Проселок - [5]

Шрифт
Интервал

— Как ты поступишь с ними?

Спросила всё-таки, не удержалась. Дело обычное — сдают нервы. Её всегдашняя обаятельная невозмутимость на этот раз бесславно отступила.

А что, правда, он с ними сделает? Арест, заключение под стражу — это лишь первый шаг, рубеж, после которого должны последовать другие действия. Какие? Ведь это и рубеж в наступлении его собственной власти. Рубикон, который он перейдёт сегодня или погибнет. История оправдала Цезаря, оправдает и его. Даже если река вниз по течению окрасится бурым от пролитой крови. (Как часто, подумал он, поэтические метафоры приносят на своих нежных крылышках вещи серьёзные! Кажется, Малларме сказал: мы пишем не идеями, а словами.) Нежданная мысль о крови заставила его вздрогнуть.

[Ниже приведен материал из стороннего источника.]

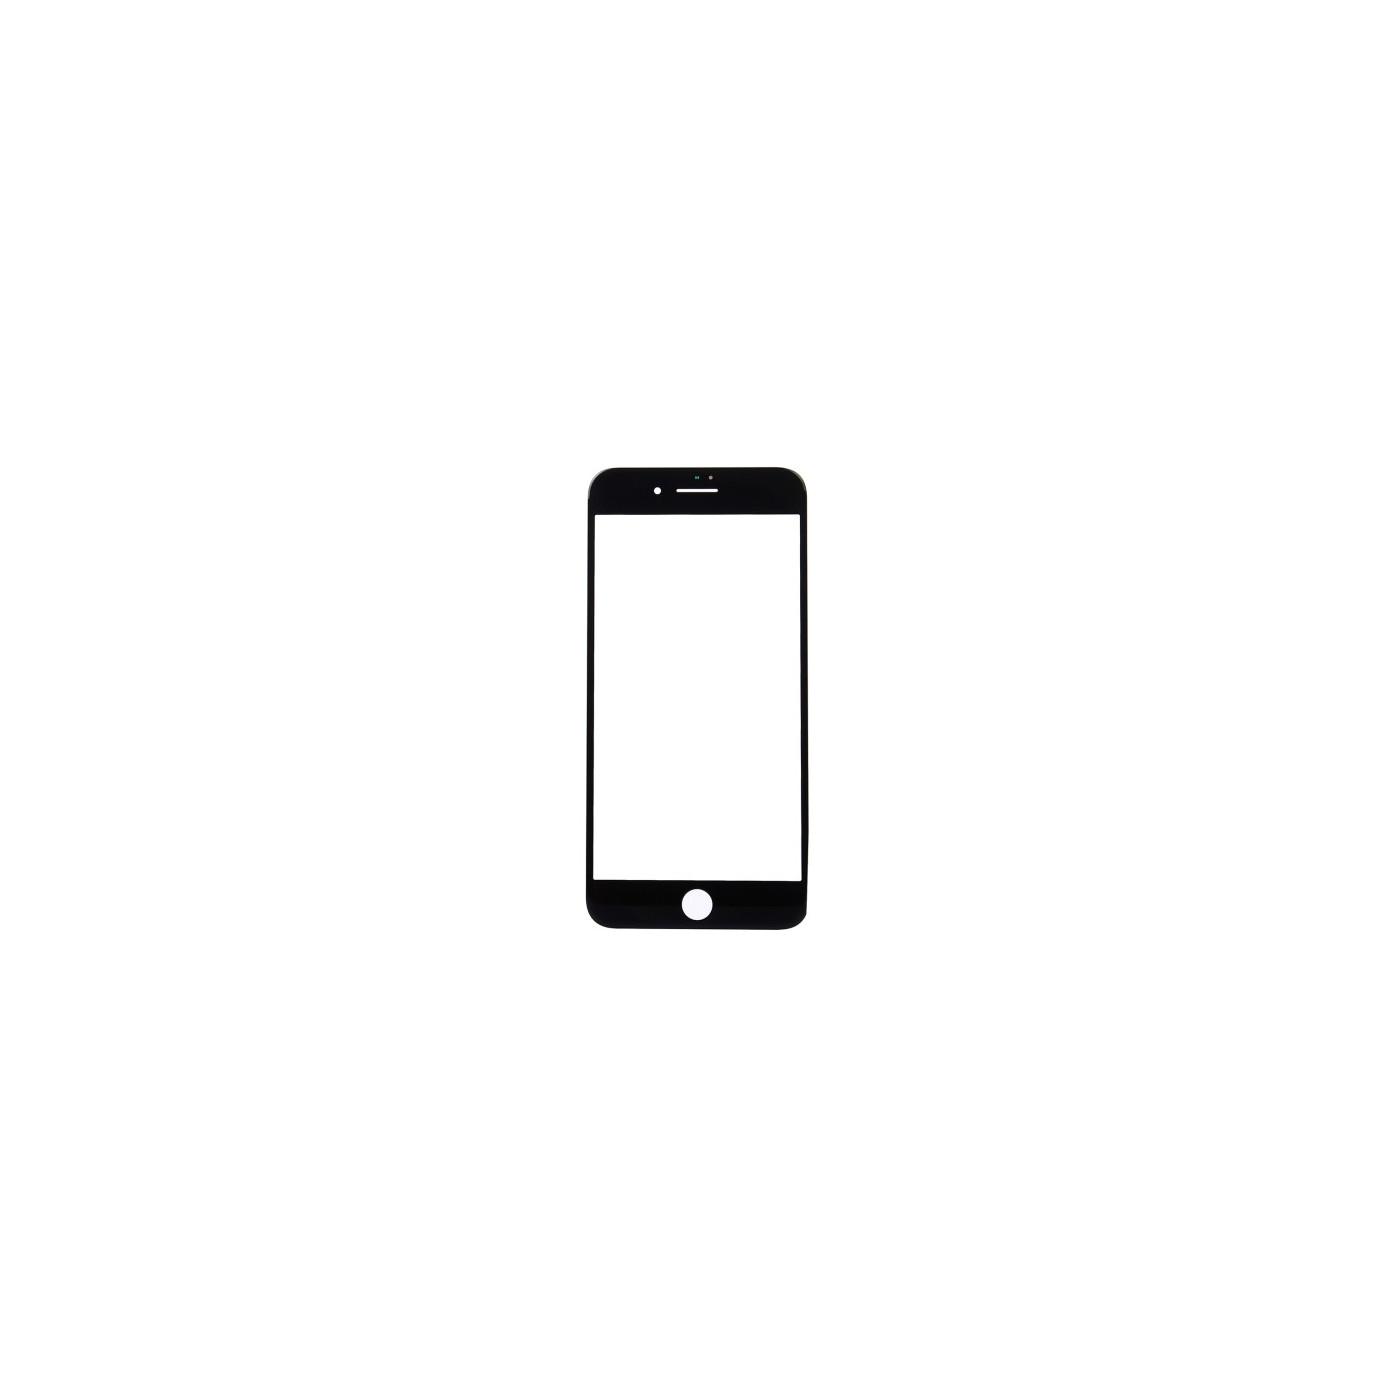 Vidrio frontal de vidrio para apple iphone 7 PLUS pantalla táctil negra

Так же, как они поступили бы с нами, отними власть.

Побледнела. Потому что знает: политика — дело кровавое. Почти такое же, как стихоплётство. С той только разницей, что пишешь собственной кровью, а в «политических триллерах» готовишь похлёбку из вырванных языков. Видит бог, они сами толкнули его на это. Возврата нет. За спиной сомкнулась безгласная толпа, влекущая к горловине лязгающего, вбирающего тела гигантского эскалатора. Похоже на ощущение, которое охватывало его раньше при входе в подземку в часы пик: не страха, но обречённости. Вниз! Вниз! До сих пор в ушах его звучали возгласы бегущих в подвал по лестнице их старого дома на Славутинской. Вой сирены, истеричное тявканье зениток, раскаты близких фугасов. Он хорошо знал, что такое война. Если он сохранит им жизнь, эти тринадцать «апостолов» развяжут гражданскую войну.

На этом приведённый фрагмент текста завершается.